How I Studied for the TEAS - page 20

I also posted my study "techniques" and websites that might be helpful if you do not have the ATI book or any book for that matter. I guess any book will do as long as you study what is below. I... Read More

  1. by   kla321
    Thank you so much for your guidance. You give me hope. THanks.
    God Bless.
  2. by   on eagles wings
    Quote from XYnurse9999
    About me: I can't get too detailed here because I am currently applying to programs and am a very unique applicant. I can say that I have extensive knowledge of all of the basic sciences (including cell biology) but that I haven't had chem or physics in 7 years and the high school sciences in longer than that.

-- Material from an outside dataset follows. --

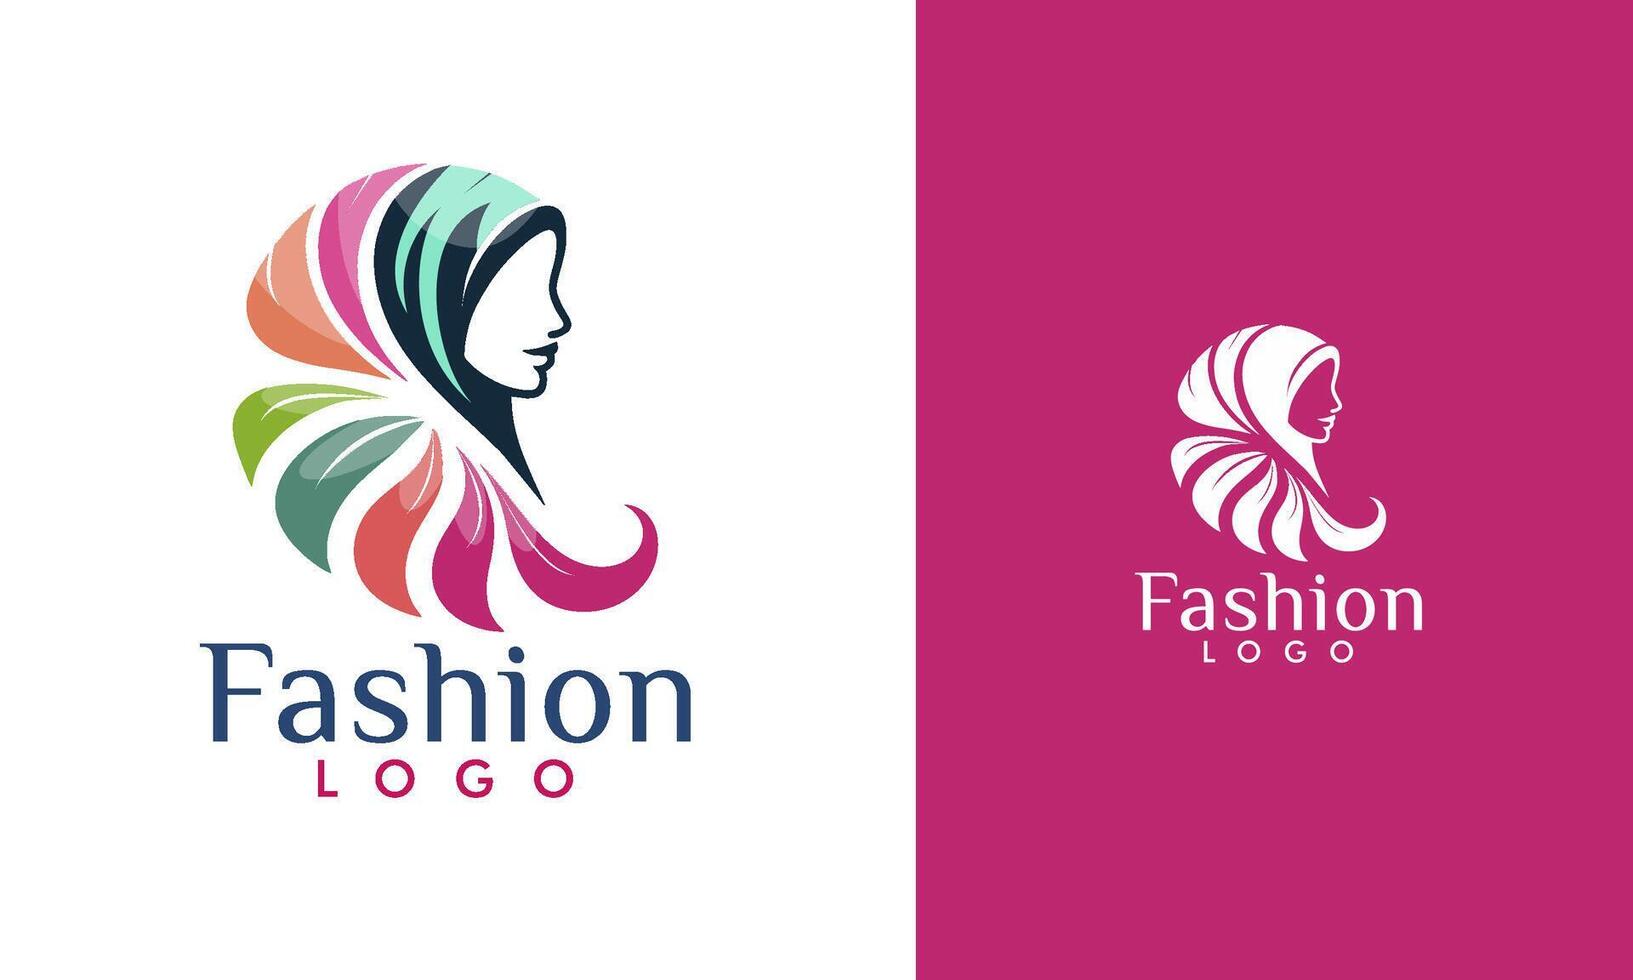 muçulmano roupas logotipo, hijab logotipo vetor
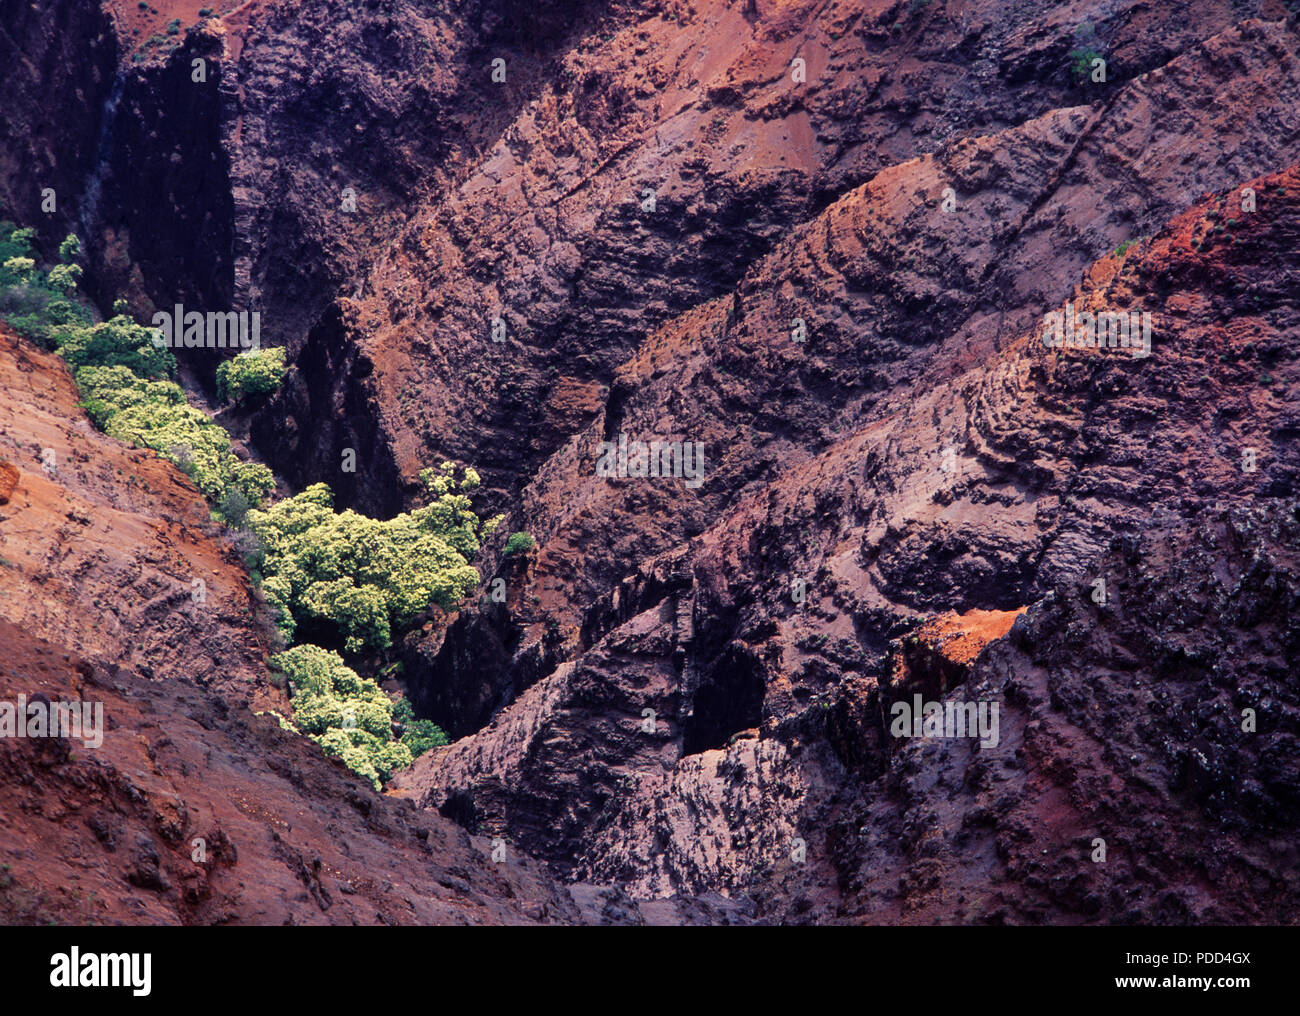 El Cañón de Waimea mostrando capas de basalto volcánico erosionado desde hace millones de años, Kauai, Hawai. Foto de stock

    I recently took the paper TEAS V and scored 99 percentiles in all categories. I will not post individual questions. I studied maybe 15-20 hours for it because I wanted to dominate it. If I were to design a study plan, this is how I'd do it:

    You can do this, but study wisely. Get over the fact the most of this material and testing coverage is completely irrelevant to whether or not you can or will be a good nurse. The same can be said for medical school admissions exams. Check your ego at the door, wherever you lie on the scale of confidence. This is about your doing the best you can. No more, no less. Education is an investment only if you put your best foot forward. This includes your study time and on test day. Otherwise, you are wasting both your time and money (and likely those of someone else, too). The test really isn't very hard at all.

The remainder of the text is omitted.